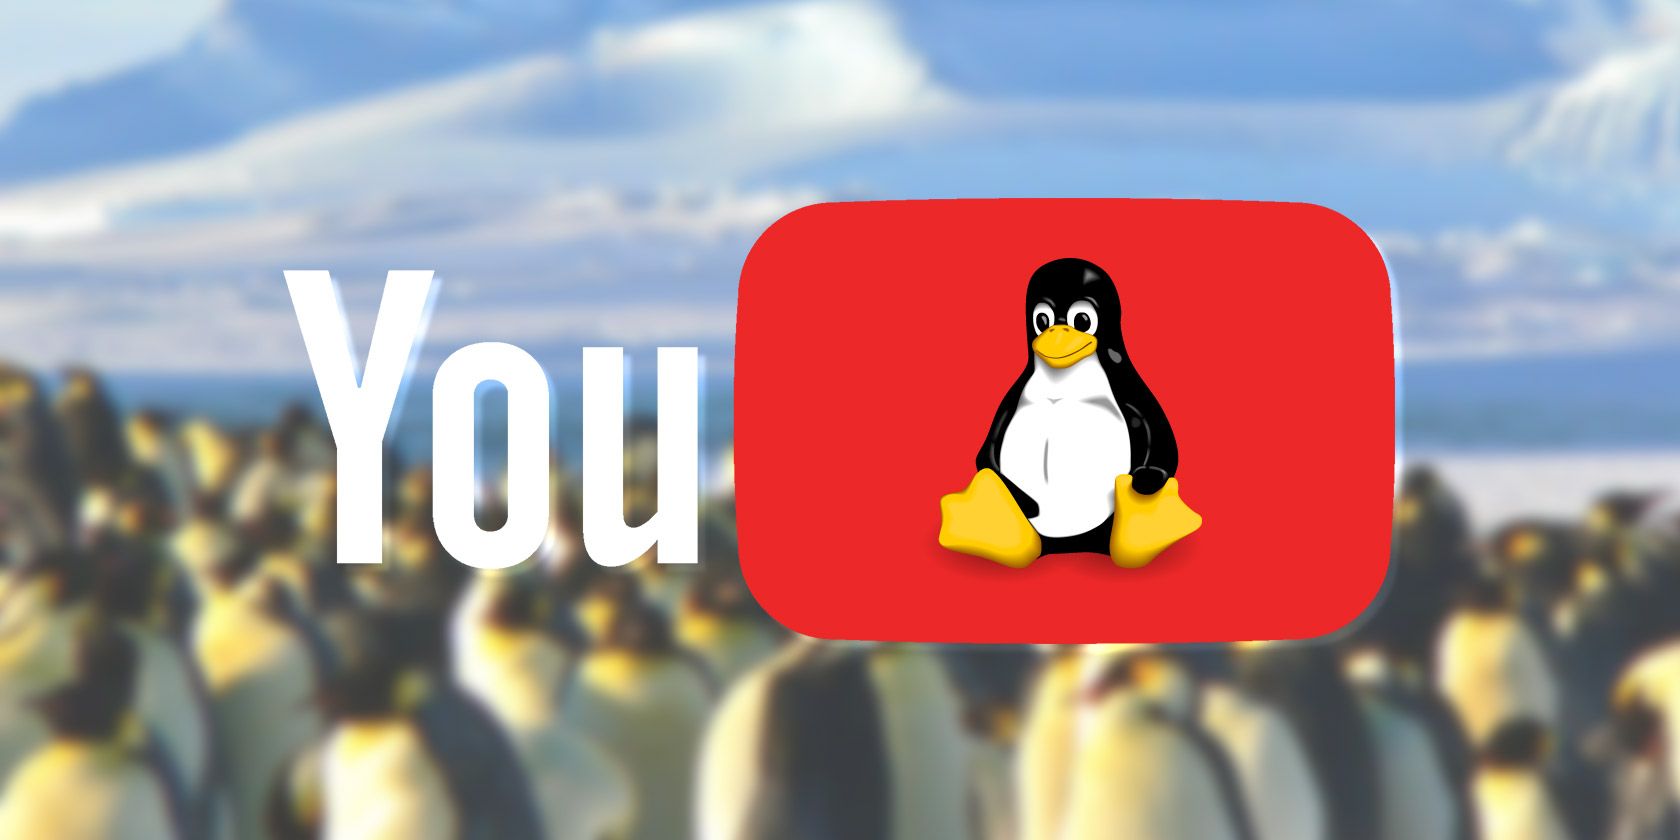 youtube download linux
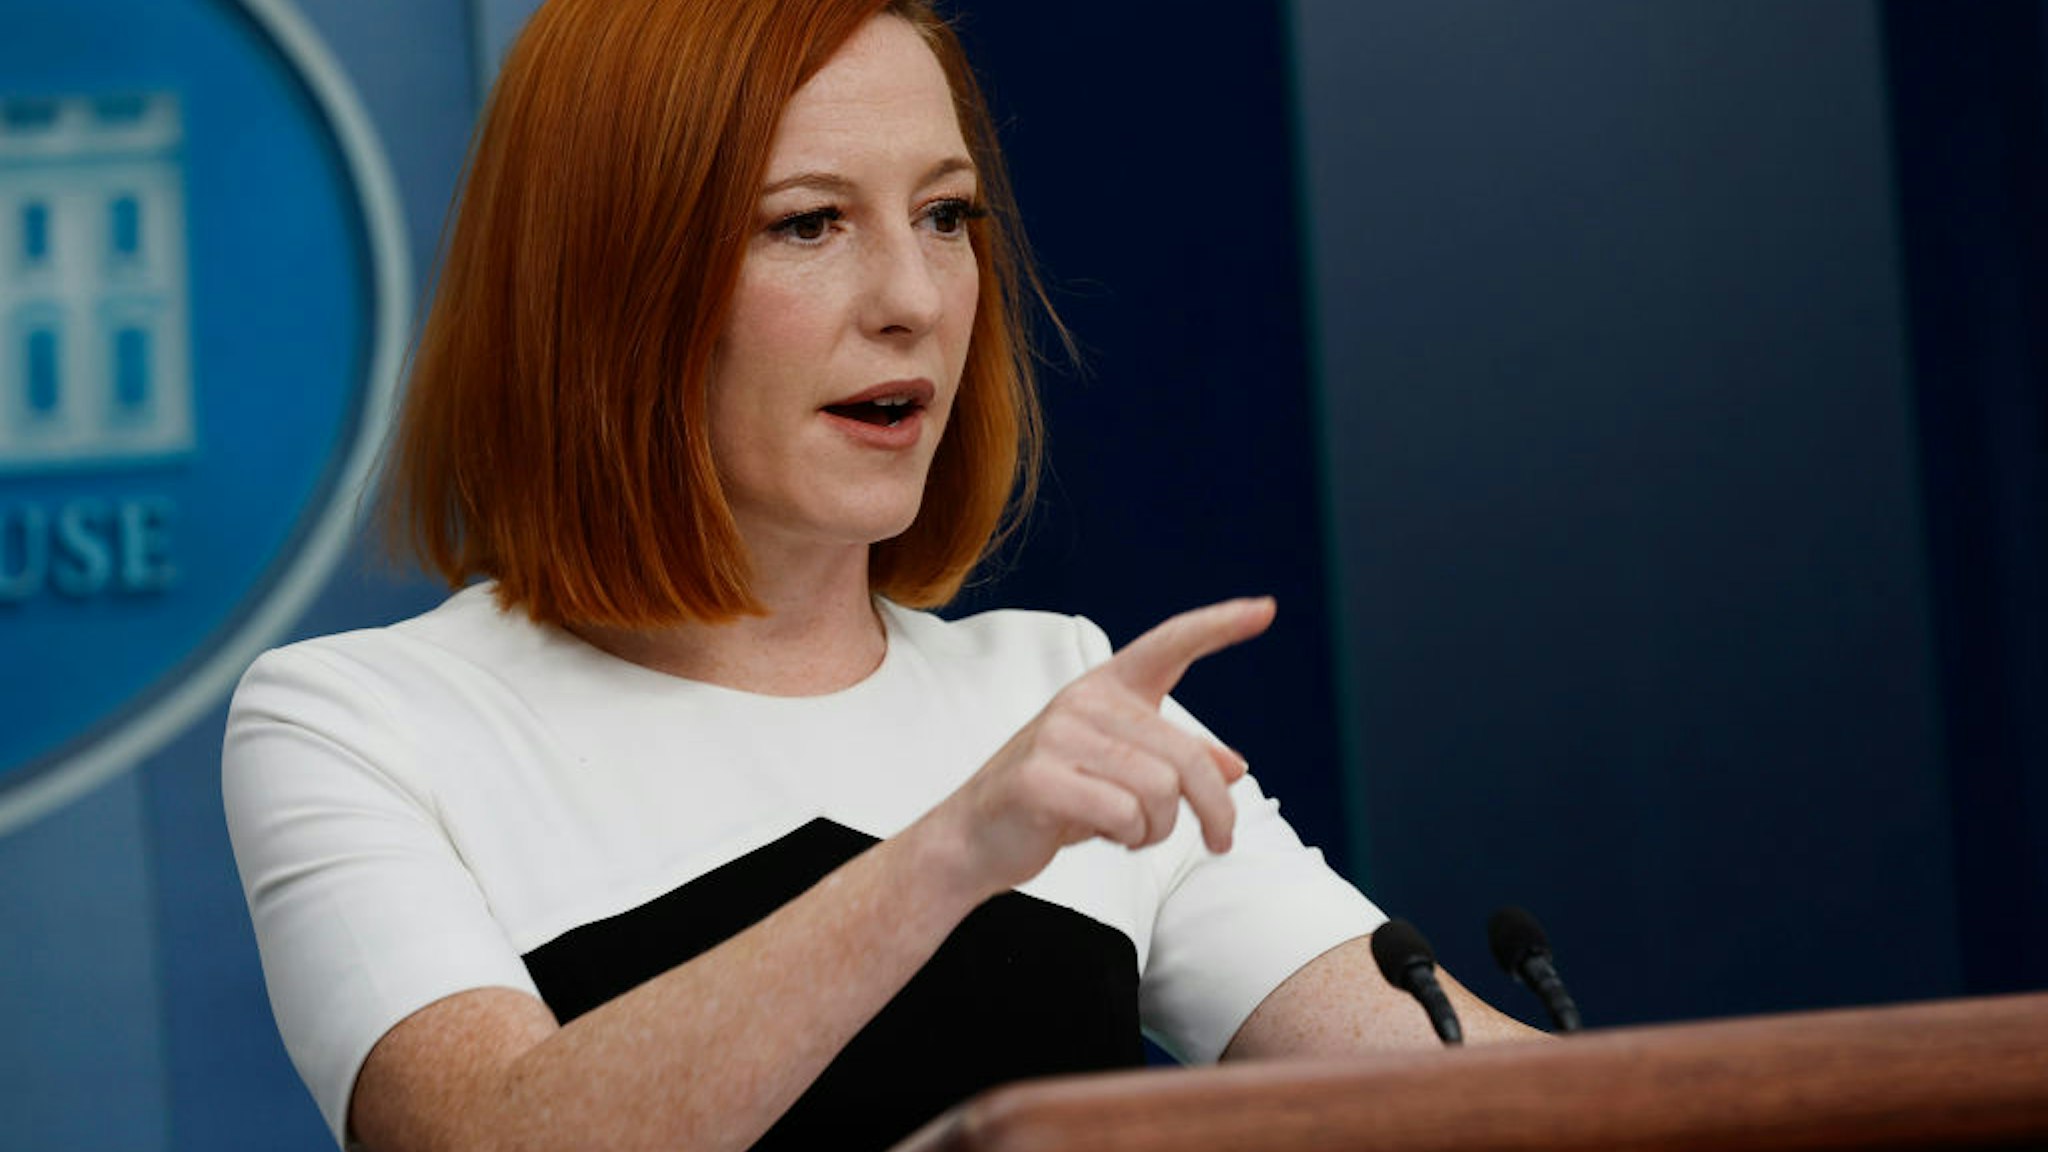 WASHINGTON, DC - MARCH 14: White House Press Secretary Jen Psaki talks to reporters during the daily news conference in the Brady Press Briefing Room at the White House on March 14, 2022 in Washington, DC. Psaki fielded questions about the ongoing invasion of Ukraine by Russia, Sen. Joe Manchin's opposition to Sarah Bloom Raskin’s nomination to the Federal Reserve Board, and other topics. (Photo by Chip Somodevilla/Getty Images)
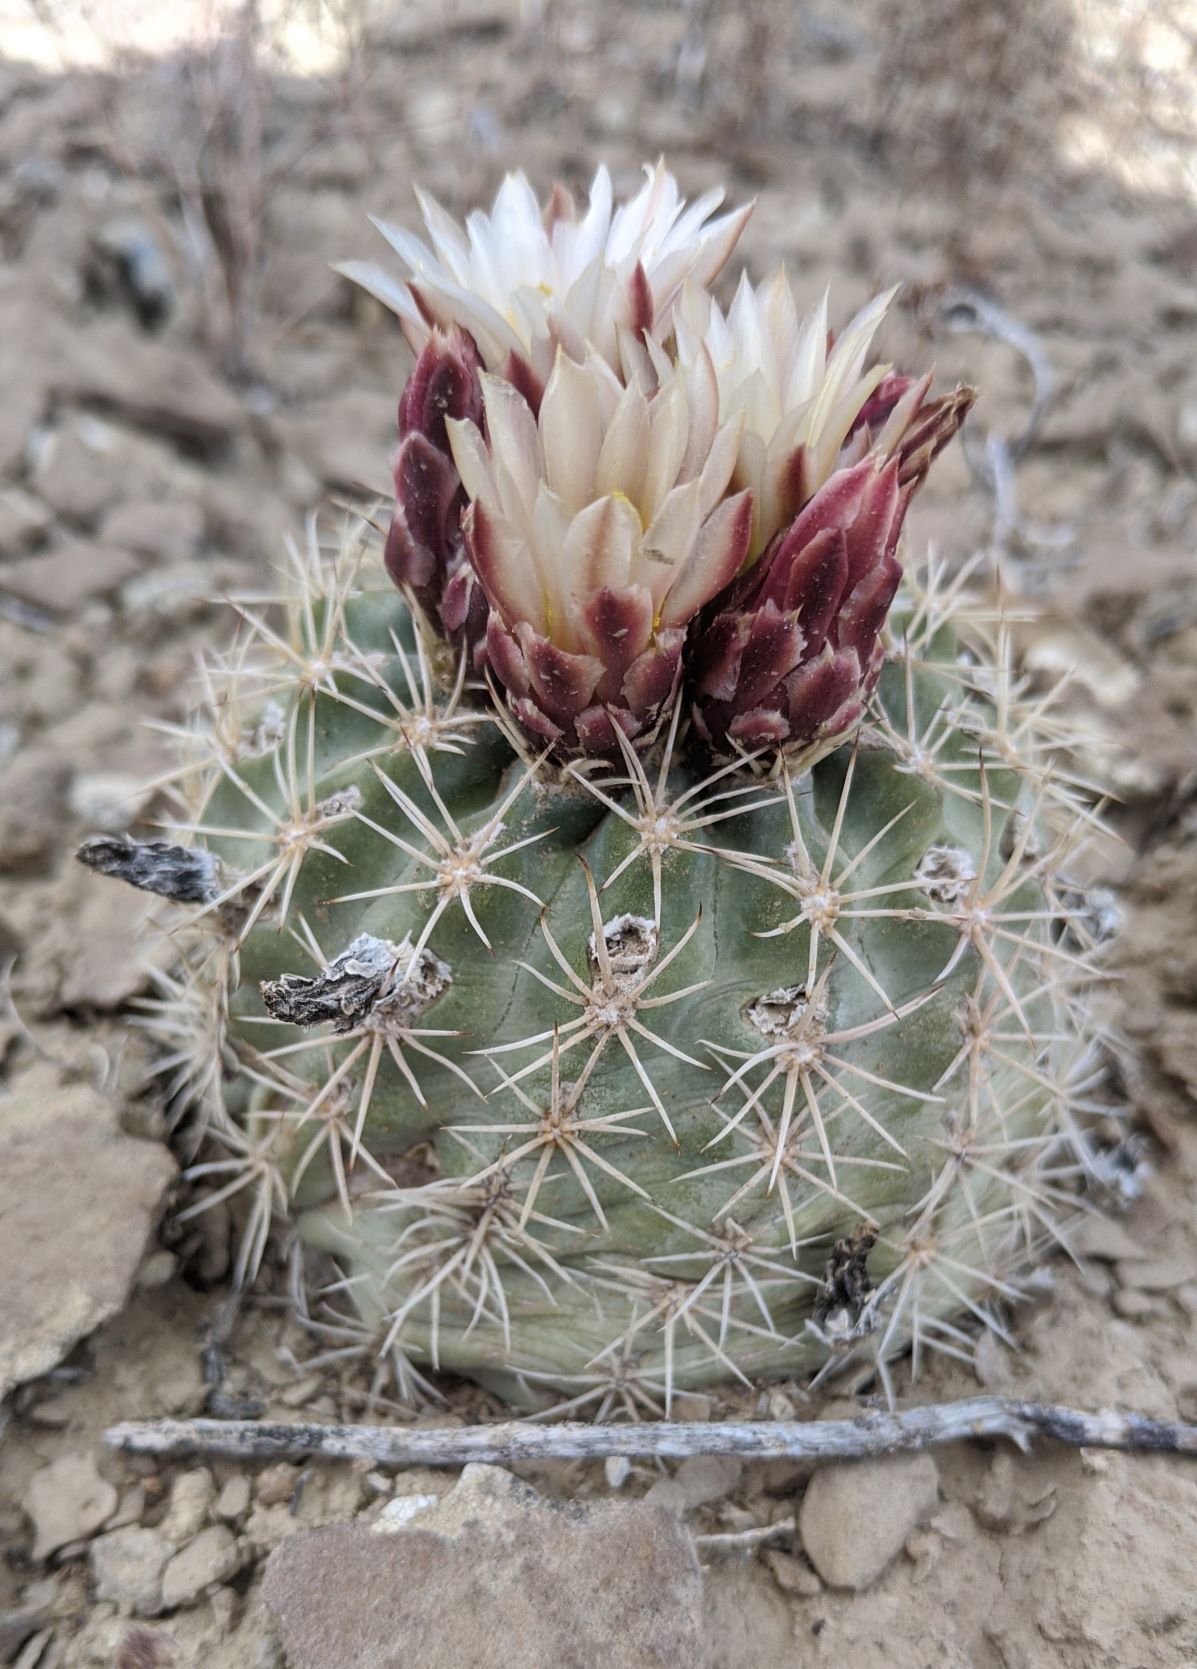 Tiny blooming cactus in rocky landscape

EXERCISE GOAL: Copy the whole of the material above exactly, and exclude every picture.

RESULT FOR THIS TASK:
 youtube download linux
 WASHINGTON, DC - MARCH 14: White House Press Secretary Jen Psaki talks to reporters during the daily news conference in the Brady Press Briefing Room at the White House on March 14, 2022 in Washington, DC. Psaki fielded questions about the ongoing invasion of Ukraine by Russia, Sen. Joe Manchin's opposition to Sarah Bloom Raskin’s nomination to the Federal Reserve Board, and other topics. (Photo by Chip Somodevilla/Getty Images)
 Tiny blooming cactus in rocky landscape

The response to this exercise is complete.